3. **Model Selection**

   * Train/test split → `train_test_split`
   * Cross-validation → `cross_val_score`
   * Hyperparameter tuning → `GridSearchCV`, `RandomizedSearchCV`

4. **Evaluation Metrics**

   * Classification → Accuracy, Precision, Recall, F1, ROC-AUC
   * Regression → MSE, MAE, RMSE, R²

5. **Pipelines**

   * Combine multiple steps (scaling + model) into one workflow.
   * Avoids data leakage and keeps workflow clean.
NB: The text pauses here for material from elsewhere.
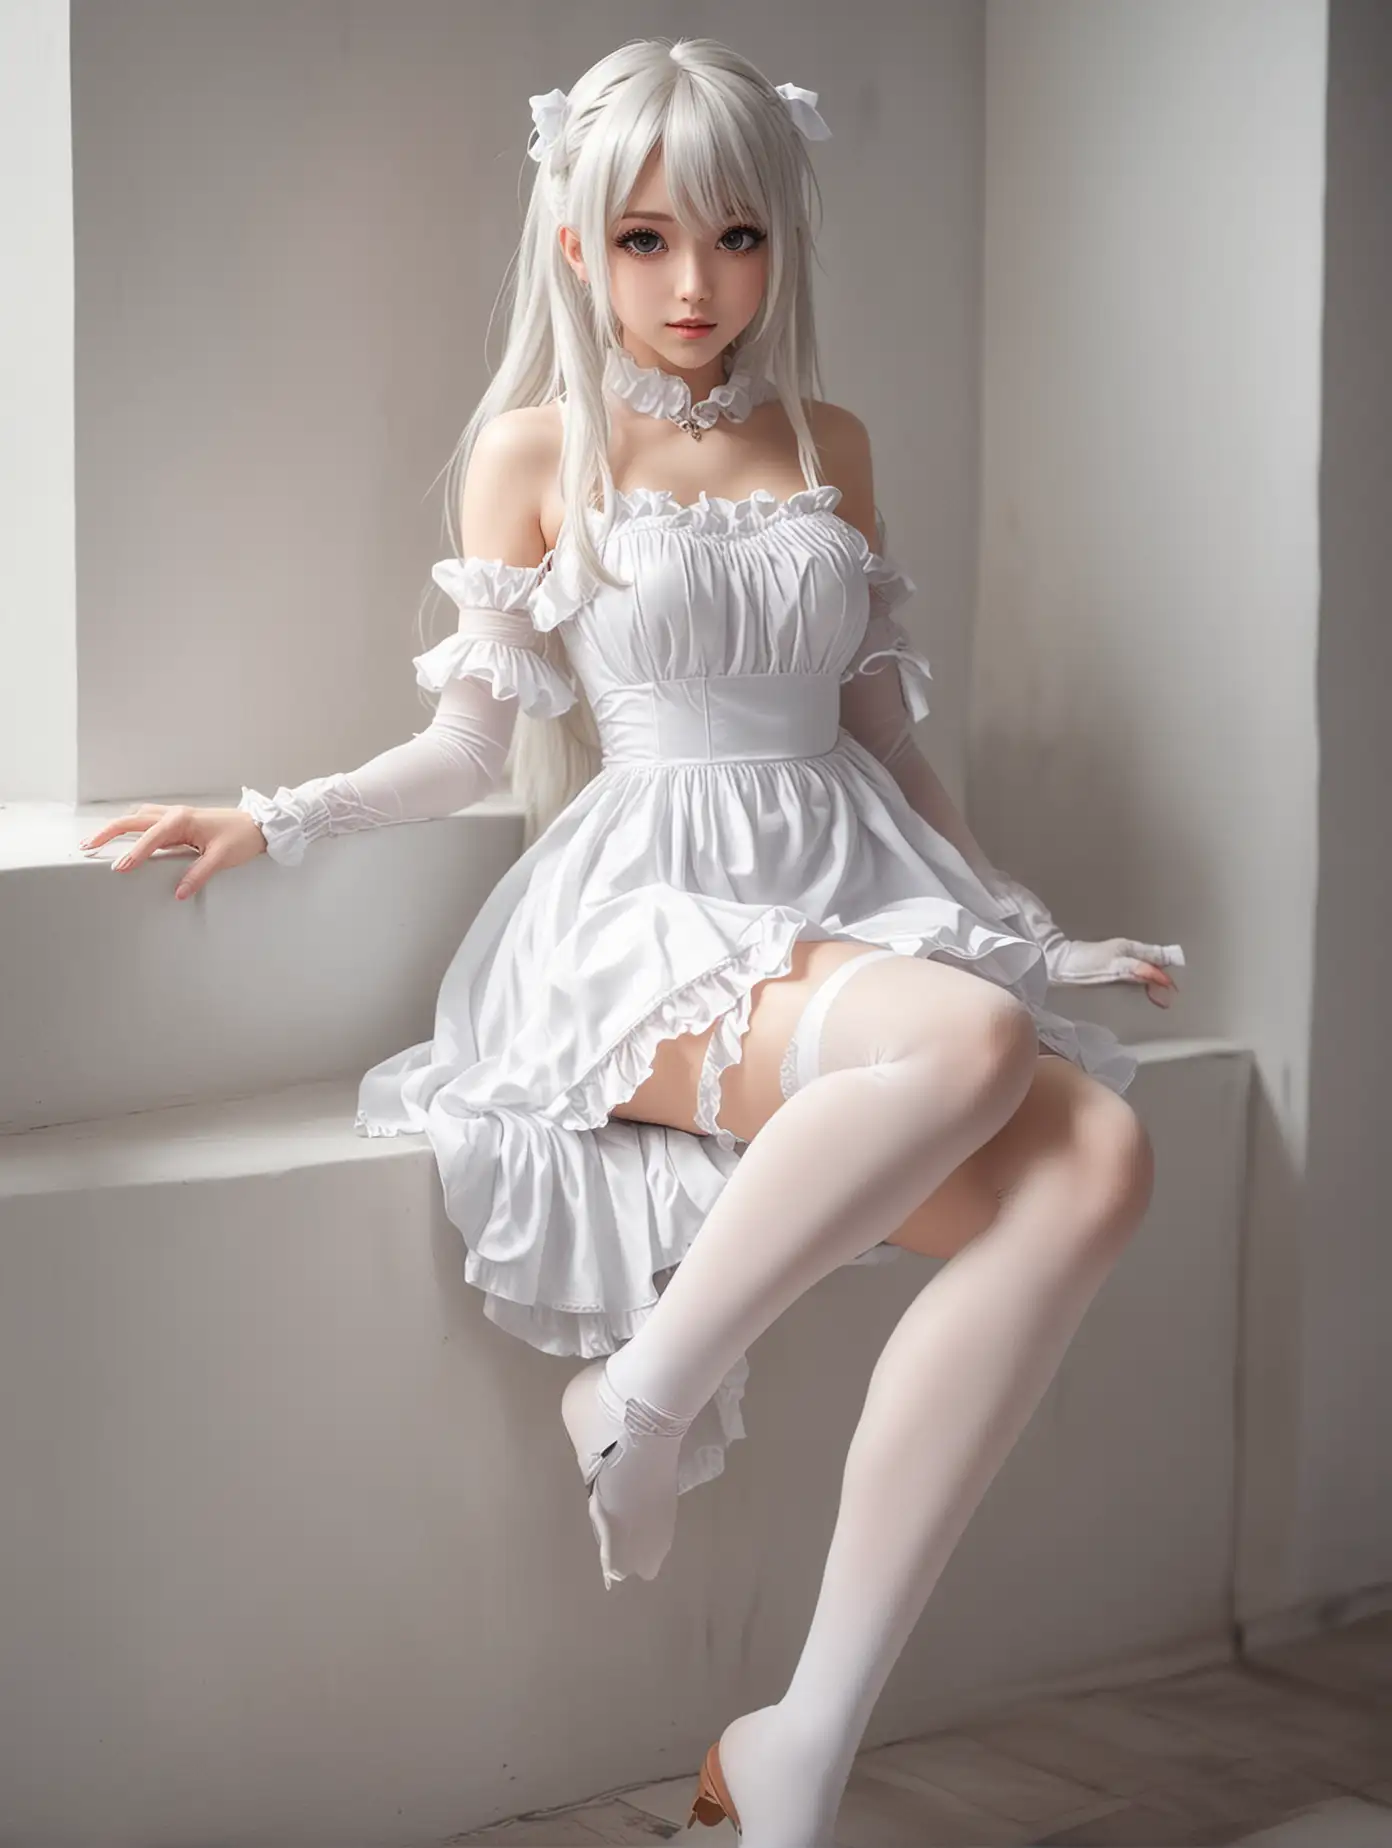 sexy anime style girl, white dress with white stockings

👉 **Why this matters**: Instead of learning a new syntax for each algorithm, scikit-learn makes everything consistent with `.fit()`, `.predict()`, `.score()`.

---

## 3️⃣ When to Use

* ✅ **Small to Medium datasets** → Works best with data that fits in memory (up to a few million rows).
* ✅ **Structured/tabular data** → CSVs, SQL tables (e.g., student scores, bank transactions).
* ✅ **Learning/teaching ML basics** → Easy for beginners.
* ✅ **Quick prototyping** → You can test many algorithms fast before moving to advanced frameworks.
* ❌ Not for **Big Data** → If dataset is too large, use Spark MLlib or Dask.
* ❌ Not for **Deep Learning** → Images, speech, or NLP → use TensorFlow or PyTorch.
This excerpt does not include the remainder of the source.